Cause–Effect Analysis:\nI) Student union elections in universities/colleges across the country are a messy affair.\nII) The Supreme Court directed implementation of Lyngdoh Committee recommendations for student body elections in higher education institutions.

Difficulty: Easy

Correct Answer: If statement I is the cause and statement II is its effect

Explanation:


Introduction / Context:
The pair connects disorderly student elections (I) with a judicial directive to implement reform guidelines (II). The Lyngdoh Committee was constituted to recommend norms to reduce malpractices and violence in campus elections; thus II naturally follows from the problem identified in I.


Given Data / Assumptions:

  • I) Widespread messiness in student union elections.
  • II) Supreme Court orders implementation of specific recommendations (Lyngdoh) for student elections.
  • Implicit: Judicial/committee interventions respond to systemic problems.


Concept / Approach:
Look for a remedial action (policy/judicial order) that addresses the diagnosed problem.

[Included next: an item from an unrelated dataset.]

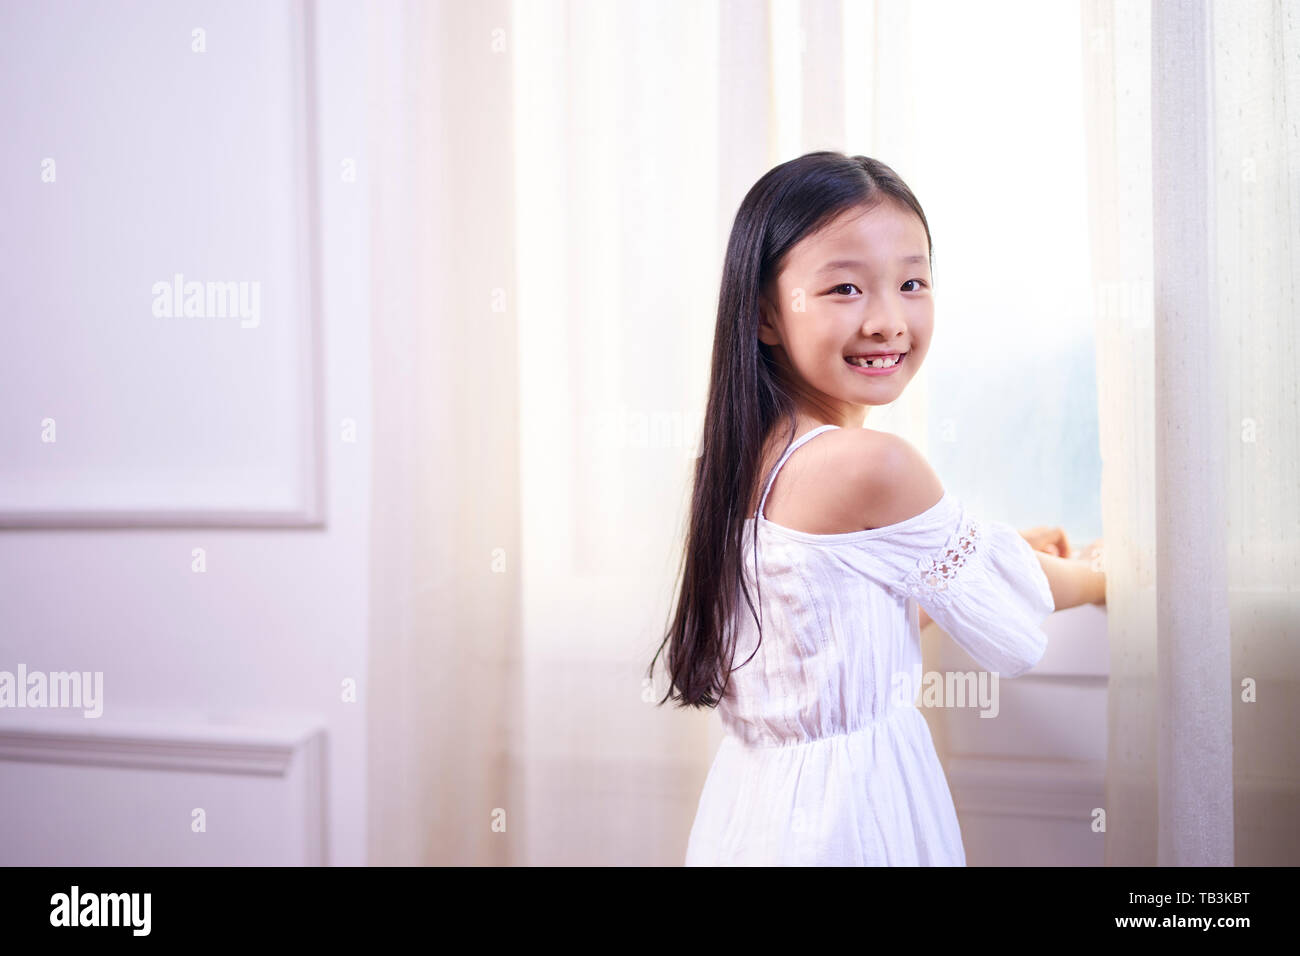 Schöne kleine asiatische Mädchen mit langen schwarzen Haaren stand vor der windwo Drehen in die Kamera lächeln Stockfoto

If II is a targeted remedy matching I’s domain, I is the cause (problem), II is the effect (corrective order).


Step-by-Step Solution:
1) Identify I as a systemic issue: “messy affair” implies malpractice, disorder, or violence.2) II explicitly mandates implementing election norms—an institutional response.3) Therefore, the presence of I plausibly triggers II; the reverse (II causing I) is illogical.


Verification / Alternative check:
Were elections already clean, II would be unnecessary. The order (II) is an effect flowing from the problem (I).


Why Other Options Are Wrong:
(b) reverses causality; (c) and (d) deny the visible linkage; (e) is redundant.


Common Pitfalls:
Overlooking policy-remedy structure; misreading court directions as independent of the problem context.


Final Answer:
Statement I is the cause and Statement II is its effect.